L’Extravagant Mr. Deeds
BLU-RAY - Région B
Wild Side vidéo
Parution : 16 mars 2022
Image
Une campagne de restauration a été initiée il y a quelques années par Sony sur plusieurs films de Frank Capra, sortis depuis en Blu-ray aux Etats-Unis et dont certains ont même eu les honneurs d'éditions françaises. Tous n'ont cependant pas traversé l'Atlantique : alors qu'on attend toujours La ruée ou La grande muraille (sortis en 2020 aux USA) et que Horizons perdus pointe son nez en UHD en mai prochain, c'est Wild Side qui prend les devants pour rééditer aujourd'hui L'extravagant Mr Deeds en France.
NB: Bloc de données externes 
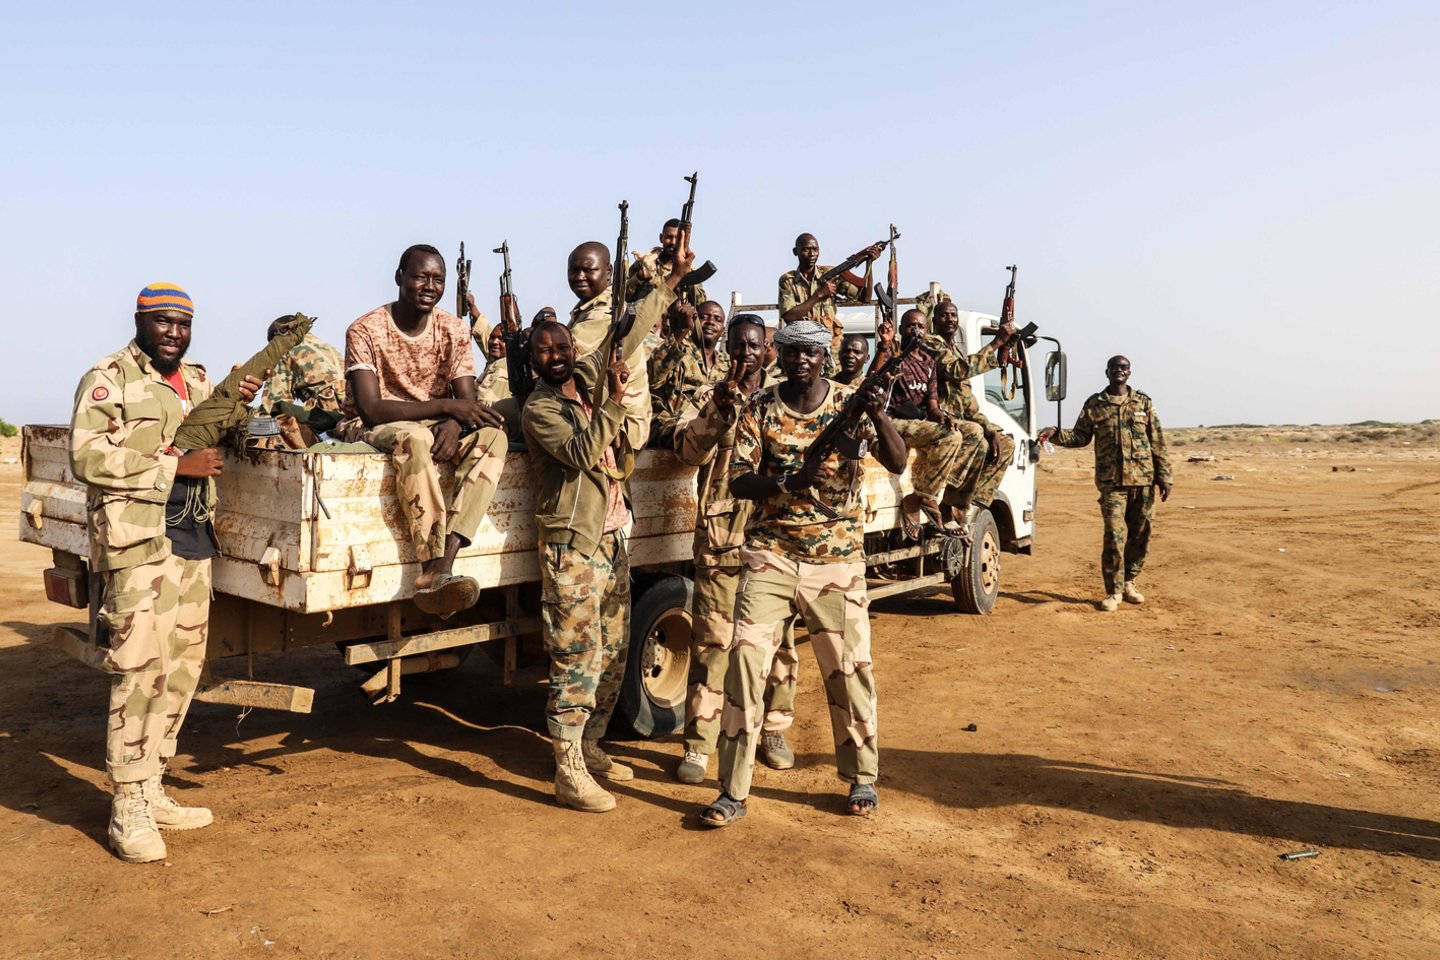  Sudane anksti antradienį buvo sužlugdytas mėginimas įvykdyti perversmą (asociatyvi nuotr.).<br> AFP/Scanpix nuotr.

Sortie depuis 2016 en Blu-ray aux Etats-Unis, il s'agit d'une minutieuse restauration 4K effectuée, non pas à partir du négatif original qui était dans un état trop instable et fragile, mais d'un contretype négatif d'époque, fabriqué peu de temps après la sortie du film dans les années 30, qui a été scanné par immersion dans un bain liquide spécial (méthode qui permet l'enregistrement optimal d'informations tout en atténuant la visibilité des impacts physiques - rayures - sur la pellicule). Il a encore fallu compléter cet élément, pour certaines secondes ou photogrammes trop endommagés, par des segments plus ou moins courts de plusieurs marrons Nitrate. Les travaux ont été effectués entre New York, Los Angeles... et Bombay (pour le nettoyage numérique).
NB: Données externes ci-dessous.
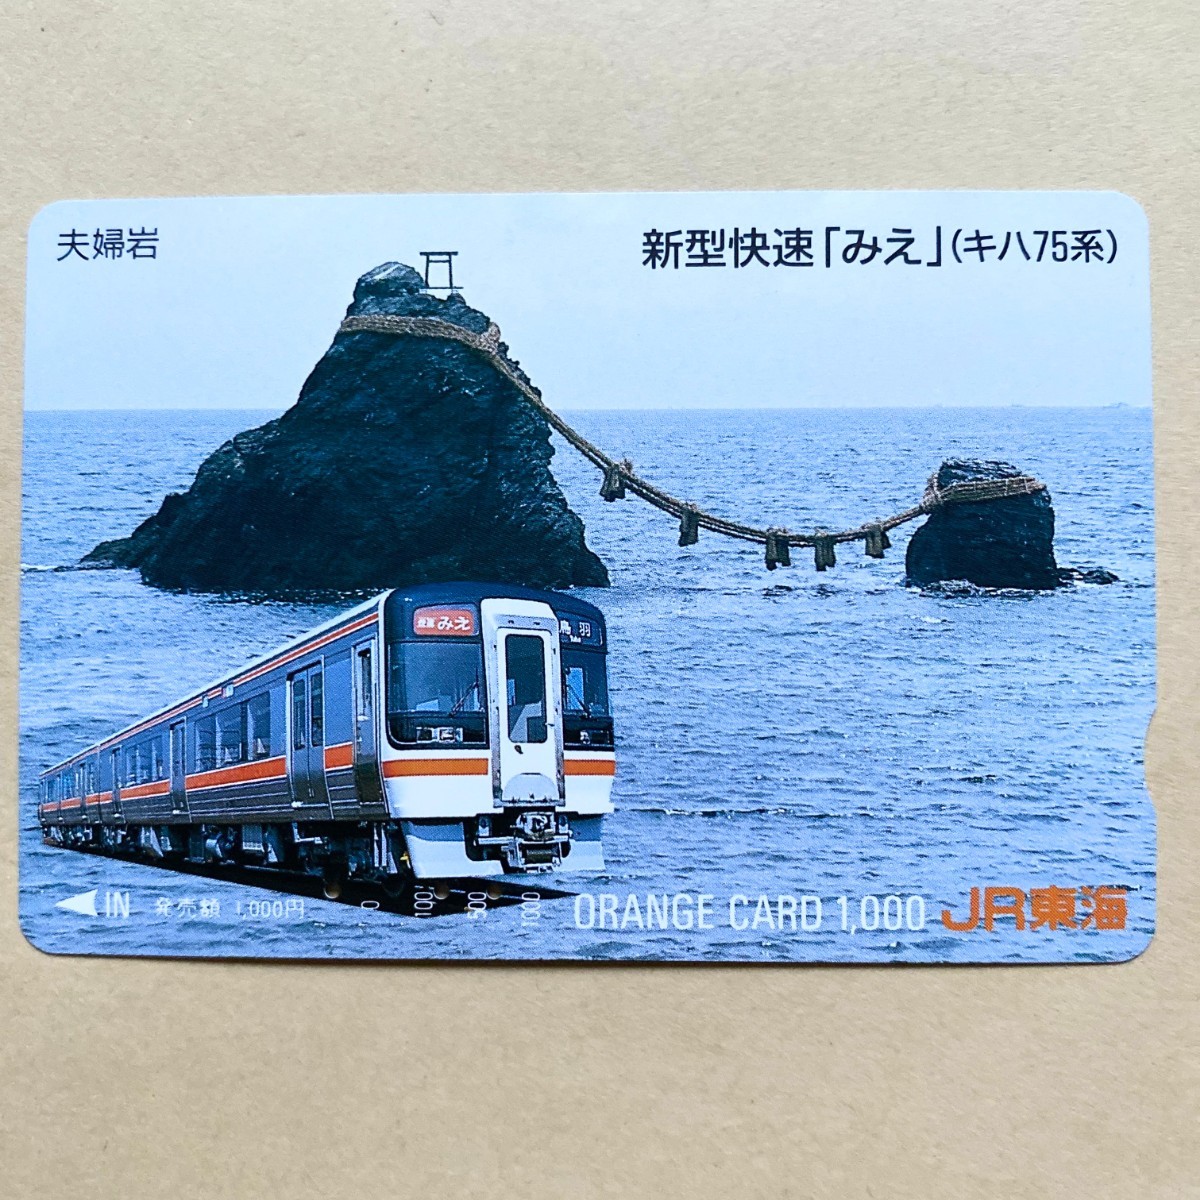 【使用済】 オレンジカード JR東海 新型快速「みえ」(キハ75系) 夫婦岩_画像1

N'y allons pas par quatre chemins : le rendu est simplement parfait, assez incroyable de précision et de stabilité pour un film qui va fêter ses 86 ans. A l'exception de quelques petites secondes issues des sources complémentaires, de simples photogrammes pendant les plans truqués (fondus enchaînés ou volets) ou un long passage de la scène du banc dans le parc (vers la 51e minute), dont les qualités de nuance et de précision sont logiquement en très net recul, la copie est immaculée, d'une grande stabilité et dénuée de pulsations. Le niveau de définition est poussé alors que la photographie utilise pourtant abondamment des filtres diffuseurs, parfois de manière assez marquée, comme cela se pratiquait à l'époque. L'étalonnage se montre élégant et nuancé, avec des contrastes très bien gérés, des niveaux de noirs à la fois soutenus et conservant du détail, tandis que la patine argentique est fine et idéalement respectée, sans problèmes de compression. Le genre de restauration 4 étoiles qu'on aimerait évidemment voir plus souvent, et qui enterre à plate couture la précédente édition du film en DVD, il est vrai assez ancienne (cf. l'impressionnant comparatif ci-dessous).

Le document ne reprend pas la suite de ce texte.